莫名灼热的异样忽从江云渡心间重重擦过。

    他握紧掌中生平首次复原的玉璧,看向沈苍。

    为何沈苍从未戴过此玉。

    为何沈苍和他共有此玉。

    沈苍看出他神情变化,笑意微敛:“怎么,你也不知道它的来历?”

    江云渡回神,沉声道:“我自然知晓。”

    沈苍说:“简单说说?”

    江云渡道:“与你无关。”

    沈苍从他手里拿回半块:“江叶青,你知道这块玉有我一半吧?”

    江云渡转身回到床边:“总之与你无关。”

    沈苍和他一起上前:“一包蜜饯?”

    江云渡无动于衷。

    “两包。”沈苍说,“不能再多了,我们剩的钱只够买两包。”

    江云渡转眼看他,仍然没有松口:“不行。”

    这次态度这么坚定?

    念头闪过,沈苍不清楚这句话里的这次从何而来,但江云渡的态度已经非常清晰明了。

    “三包。”沈苍正色道,“怎么样?”

    江云渡面无表情:“你哪来的钱?”

    沈苍说:“先说成不成交。”

    江云渡蹙眉。

    沈苍追加一句:“我要提醒你,家里已经没库存了。”

    江云渡没有开口。

    良久。

    换过伤药,煎药途中。

    江云渡悄然出现在药房门口。

    沈苍看一眼堂屋没关好的药柜,唇边笑意轻浅,意有所指:“交易今天有效。

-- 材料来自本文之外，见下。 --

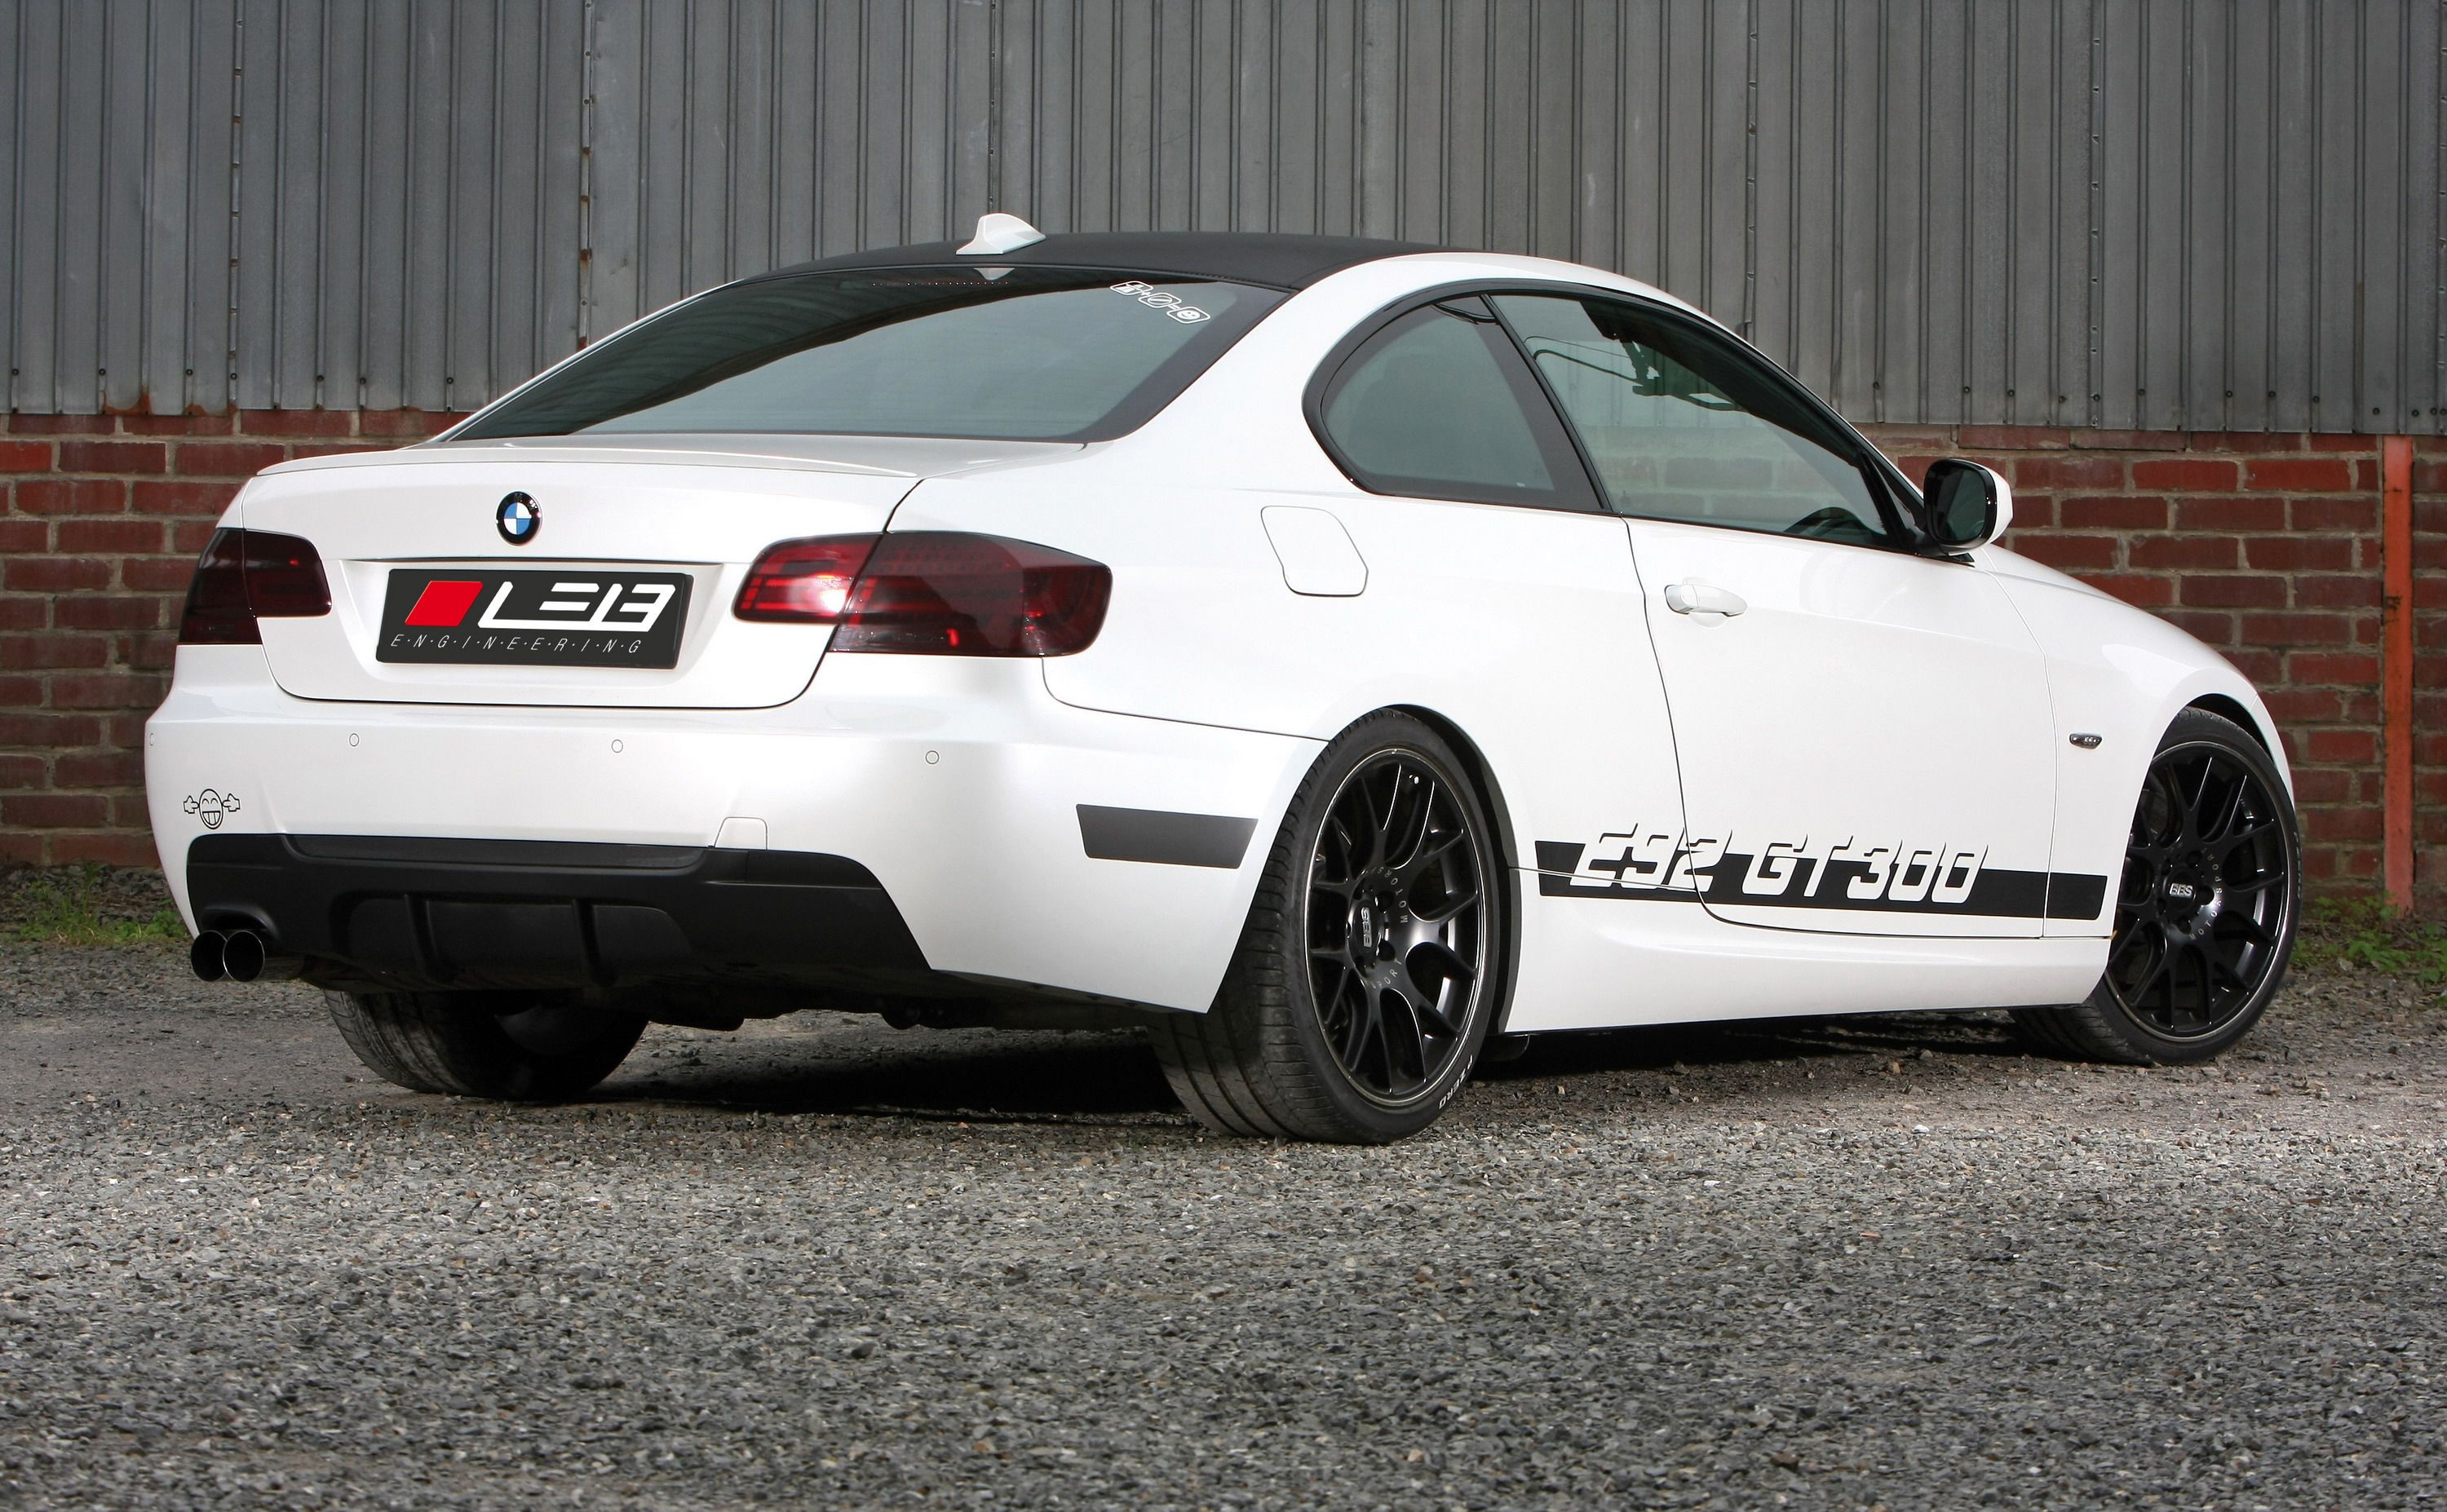 2013 BMW 3-Series by Leib Engineering

”

    第63章

    下午。

    沈苍从西市回来,进门看到江云渡坐在桌边,桌面的汤药还冒着热气,他没去注意,正看手里的玉佩。

    据江云渡亲口叙述,这玉自他记事起就是断的,属于祖传。

    至于另一块,他不打算解释。

    因为他同意的交易内容只是说出“它”的来历,而不是“它们”的来历。纯属利用文字漏洞坑蒙拐骗。

    “喝药。”

    江云渡抬眸看过来。

    沈苍把纸包放在桌上。

    最后的成交价是三包蜜饯,他在江云渡喝药之前预付一包,剩下两包还要分期付款,无疑让他背了一笔巨额债务。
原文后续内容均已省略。